Banks Fight Excessive Overdraft Suits with Bid for Arbitration


. By Anne Wallace

Only a nut would sue for $35. Banks count on that when they boost overdraft fees through a technique known as “debit resequencing.” The 2010 changes in banking law that were part of Dodd-Frank have failed to kill the practice. It persists even after a $35 million class-action settlement over Union bank excessive overdraft fees in 2011. One of the banks’ newer schemes to keep this revenue source producing has been to force consumers out of class-action lawsuits and into costly individual arbitration. Only a nut would arbitrate over $35.

Debit resequencing allows banks to post checks and ATM withdrawals not in chronological order, but in a way that maximizes overdraft charges. Overdraft charges make big money for banks. According to research published by the Consumer Financial Protection Board (CFPB), JP Morgan made $1.9 billion from overdraft charges in 2016, Wells Fargo made $1.8 billion, and Bank of America made $1.7 billion. Consumers paid $17 billion in overdraft and NSF fees in 2015.

That kind of profit potential may make the risk of a lawsuit seem cynically reasonable, even if debit card manipulation cuts close to the law. It would not be such a hard business question, though, if plaintiffs could not afford to get to court by means of a class-action lawsuit but had to arbitrate as individuals. For the bank, the strategy adds up because only a nut would arbitrate over the relatively small, though personally painful, expense that overdraft fees represent.

That, in any event, appears to have been Wells Fargo’s plan in Gutierrez v. Wells Fargo. Five depositors sued the bank in 2008, claiming they were charged excessive overdraft fees through debit resequencing. The District Court found that the bank’s Consumer Account Agreement, which checking account customers were required to sign, was both difficult for consumers to understand and misleading. The CFPB has previously taken action against TCF Bank and Santander Bank for similarly tricking customers into signing up for overdraft fees.

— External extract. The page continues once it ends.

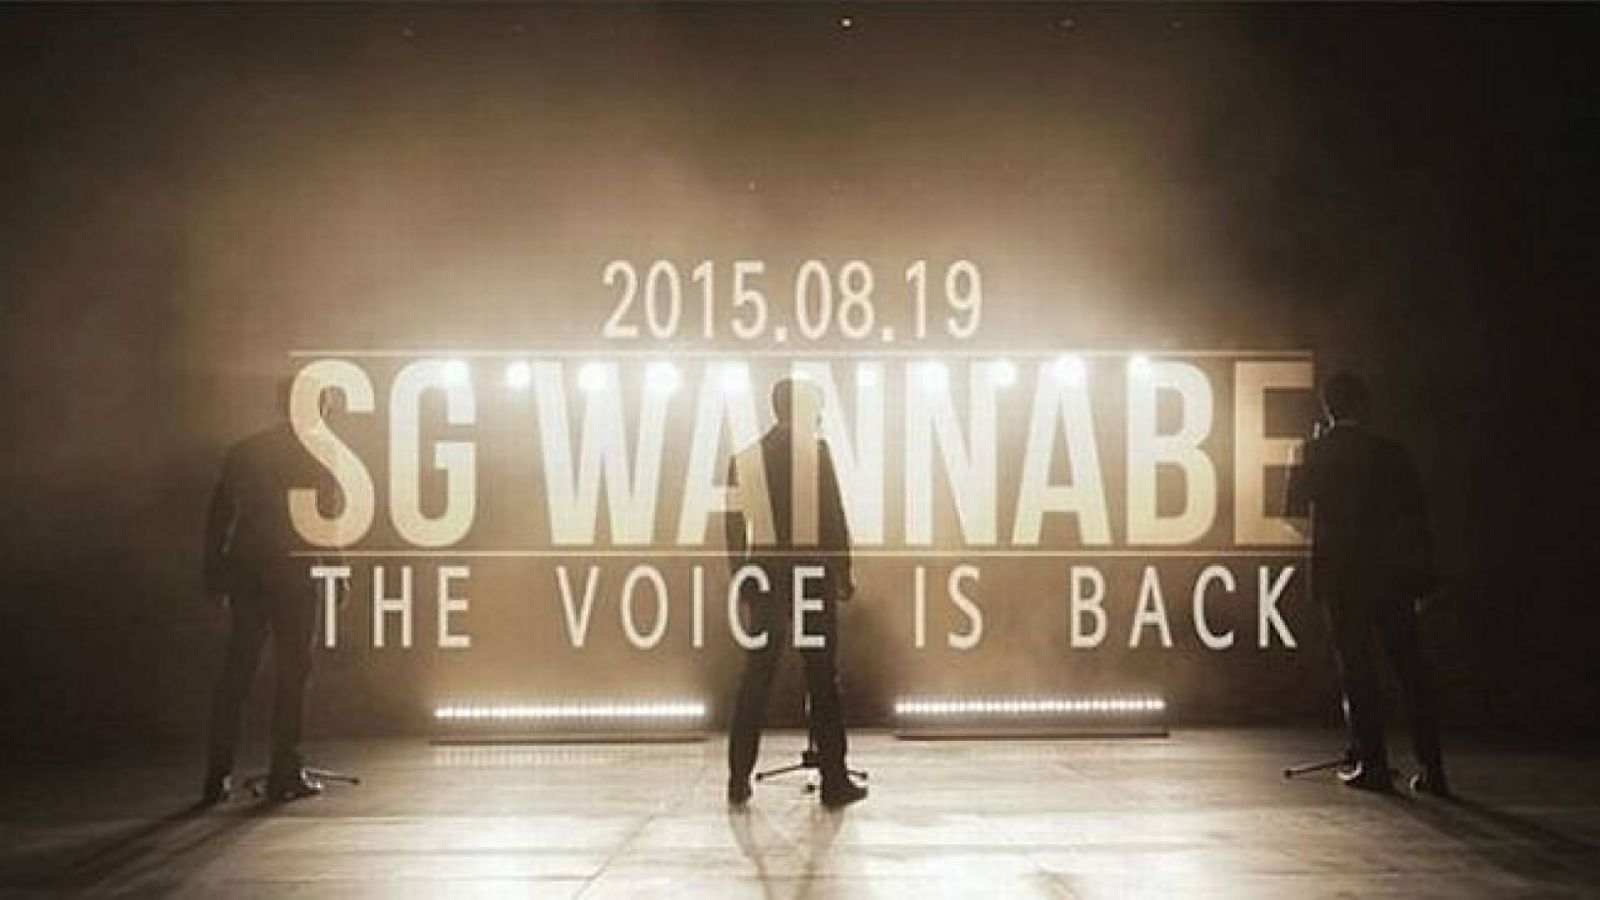 SG Wannabe kehren zurück © SG Wannabe Official Facebook Page

The argument that depositors should arbitrate in lieu of suing as class-action plaintiffs appears to be something of an afterthought, and was not well-received by the Eleventh Circuit Court of Appeals principally because of the procedural history of the case.

If the bank wins, all bets are off for the checking account customers. If the bank loses, it might face a payout of more than $1 billion. This is a number that might change the risk/reward calculus for banks and make a big difference for checking account holders.